Here are five reasons why:
First, the country already lacks enough primary-care physicians to meet our health care needs. The problem is especially dire in underserved communities, both rural and urban, where federally qualified health centers and nurse-managed health clinics deliver a huge portion of primary care.
Second, the primary-care shortage is worsening due to the Affordable Care Act and the aging U.S. population. According to the Association of American Medical Colleges, by 2025, there will be a shortage of 65,800 primary-care physicians. Unless we make a full-bore effort to revitalize the provider pipeline — physicians, nurse practitioners and physician assistants — increasing numbers of needy Americans will be unable to receive the care they need, even if they are insured.
Third, a substantial body of research has shown that for the overwhelming majority of primary-care concerns, nurse practitioners, or NPs, perform as well as physicians on clinical outcomes and patient satisfaction. Moreover, NPs can be trained faster and less expensively than physicians and have demonstrated a willingness and ability to work in underserved areas. This does not negate the need for more physicians, but we desperately need all hands on deck.
Fourth, despite the research showing NPs’ excellent clinical results, newly graduated NPs are often discouraged from joining federally qualified health centers because of the intensity and demands of providing service in these complex clinical settings. In fact, the Institute of Medicine’s 2011 report, The Future of Nursing: Leading Change, Advancing Health, called for residency programs, partly in response to concerns that newly graduated NPs will not have had enough experience or training.
This leads to reason No. 5: Nurse practitioner residencies address these concerns. The residencies provide an extra year of hands-on training for newly graduated NPs, often including the opportunity to work in teams with physician colleagues, much as primary-care physicians work with specialty colleagues. While it is too soon to rigorously gauge the value of the first wave of NP residency programs, residency is a proven model for training physicians, and the anecdotal evidence about NP residencies — including from our own program in collaboration with Glide Health Services in San Francisco — is quite encouraging.
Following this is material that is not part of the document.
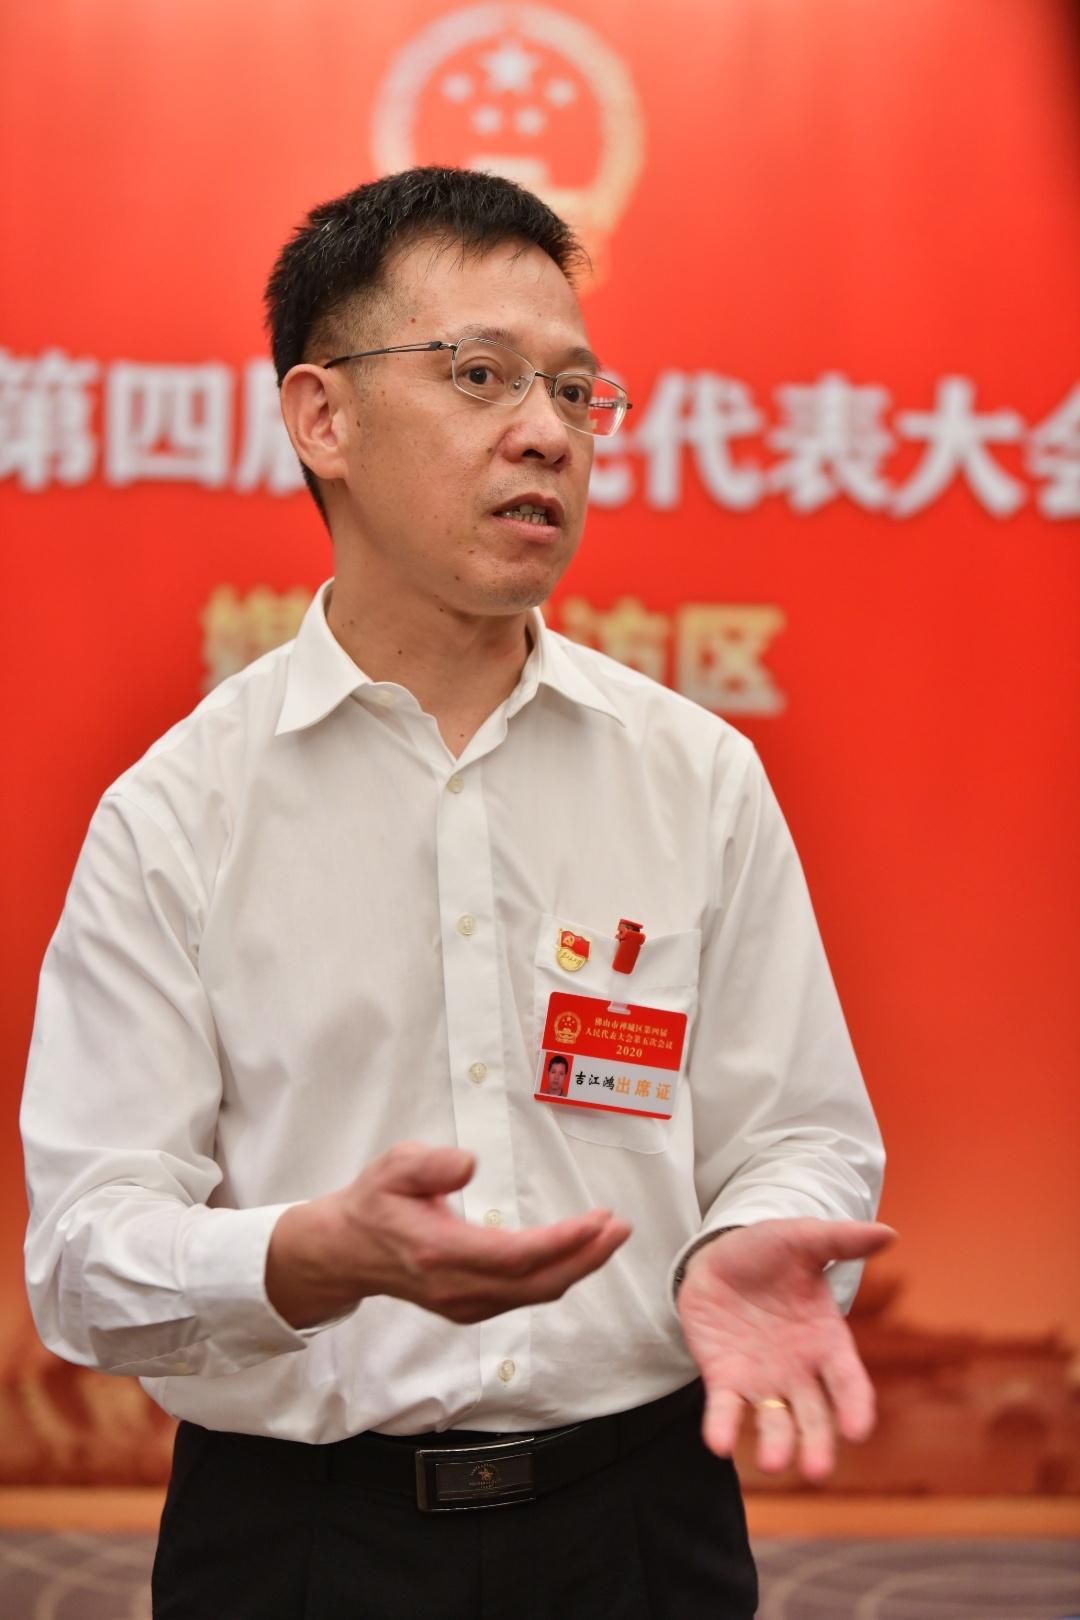 石湾镇街道办事处主任吉江鸿。

Inspired in part by Dr. Margaret Flinter, an advanced-practice nurse who is the country’s leading advocate for NP residencies, Congress originally authorized a three-year pilot program (2011-14) that established nurse practitioner residencies in federally qualified health centers and nurse-managed health clinics as part of the Affordable Care Act. Now U.S. Sen. Bernie Sanders, D-Vermont, has proposed that the NP residencies be reauthorized and funded at $75 million for the next five years.
On Wednesday, Flinter testified in front of the Senate Health, Education, Labor and Pension Committee in support of that proposal. Hers is a voice the entire country — not just politicians and health care professionals — needs to hear.
After all, in the short term, reauthorizing and funding another five years for NP residencies is an effective, economic way to extend the primary-care workforce in the clinics implementing these programs. Long-term, it gives researchers and policymakers an opportunity to rigorously gauge the value of the NP residency concept and establish best practices.
Given the urgent nature of the primary-care crisis, the history of NPs delivering exemplary primary care and the low-risk, high-reward nature of this proposal, how can we afford not to support its reauthorization and funding?
I urge both the health care community and members of the general public to ask their representatives in Congress to support this desperately needed program.
David Vlahov is dean and professor at the UC San Francisco School of Nursing.